Eric: We had not seen Pasolini’s Medea before shooting the film. I attended a screening recently and it was a shock, near the theme, aesthetics etc. We have always loved Pasolini (to me a brother of Garcia Lorca, through his life, his poetry, his plays or his tragic death) and equally the great Paradjanov.

Parajanov’s films have always moved me, especially for their timelessness. He places the legend nowadays, yet without visual reference of this movement. It is now and at all times.
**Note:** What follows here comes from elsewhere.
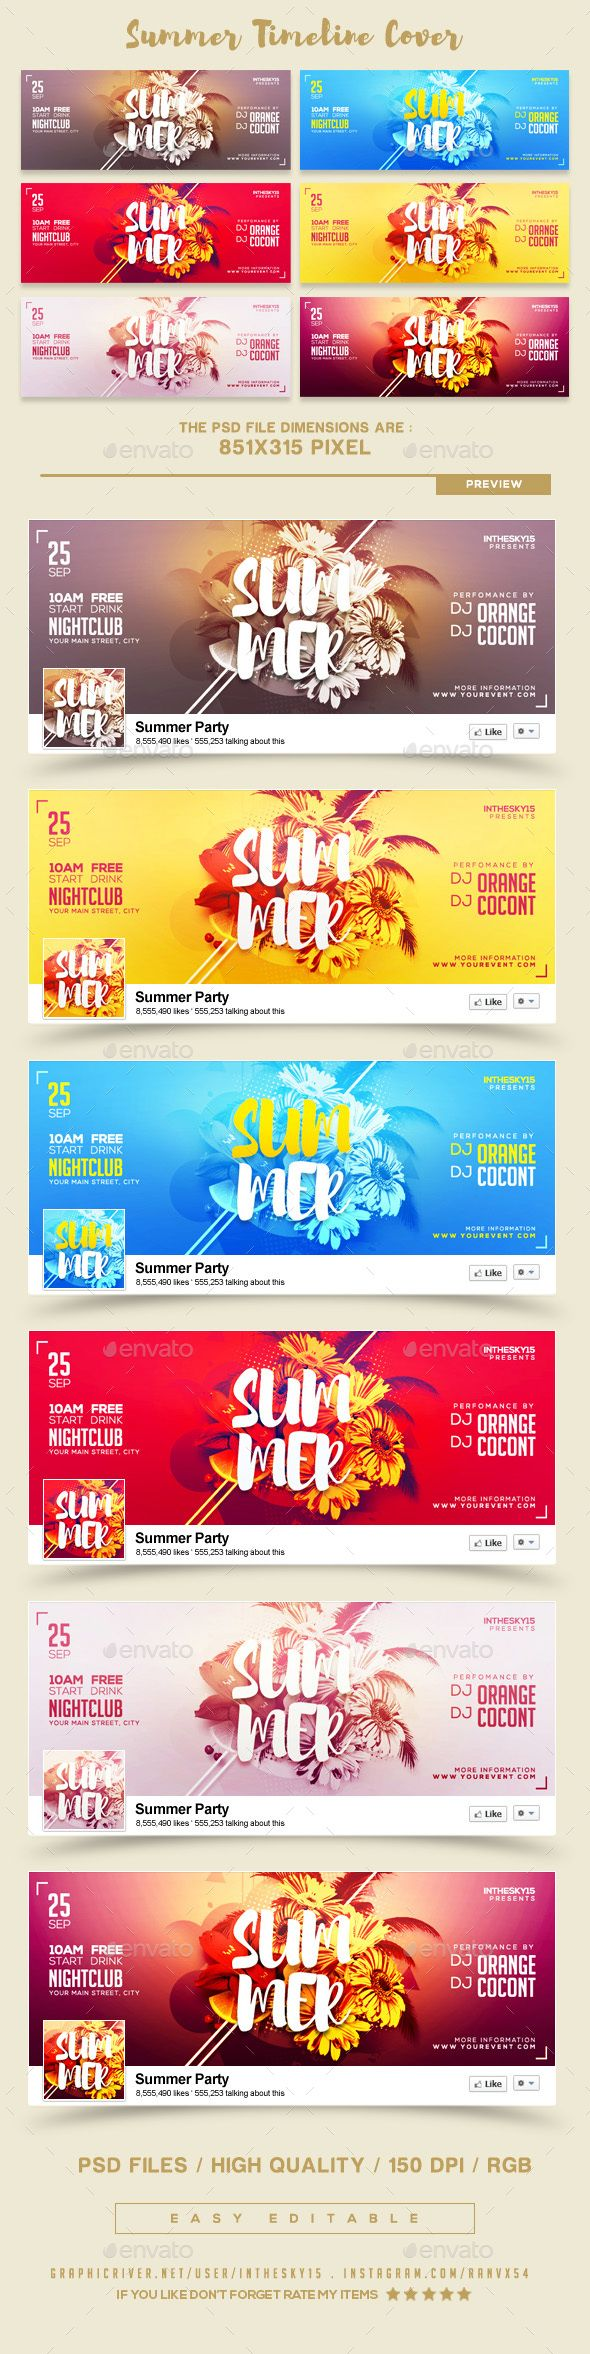 #Summer FB Timeline Covers - #Facebook Timeline Covers #Social Media Download here: https://graphicriver.net/item/summer-fb-timeline-covers/20472189?ref=alena994

As aesthetic converge, it is due rather it seems to me the miracle of poetic miracle that influence. It could not be otherwise, responses are often similar to the same questions …

The hieratic characters is because they are signs in the world. The man and the woman again become meaningful, they exist in a cosmic string, as part of a whole, beyond all psychology.

Marc: I try to have no reference, no influence in my work, I want it to be as naked and pristine as possible. We all crossed thousands of images that remain in our memory, whether film or a fleeting image on our way.

My main effort is to be free in creating, always trying to renew myself, invent other worlds, therefore not be influenced by other artists.

I think rituals, legends, music, clothes, lights, animals, natural scenery of the village, give this film sound, which inevitably brings a tale imagery of the Arabian Nights.

It was imposed on us without us tried to stage it in a pre-determined shape.

This film is like a thousand years old, the pages are carved into the land of Jajouka’s book.

*Interview originally published in « ‘Un livre de mille ans aux pages creusées dans la terre’. Jajouka. Quelque chose de bon vient vers toi, Entretien avec Eric et Marc Hurtado », Images de la Culture n° 28, mars 2014, 2014 .With the gentle authorisation of the editor and our deepest thanks to Marc Guiga.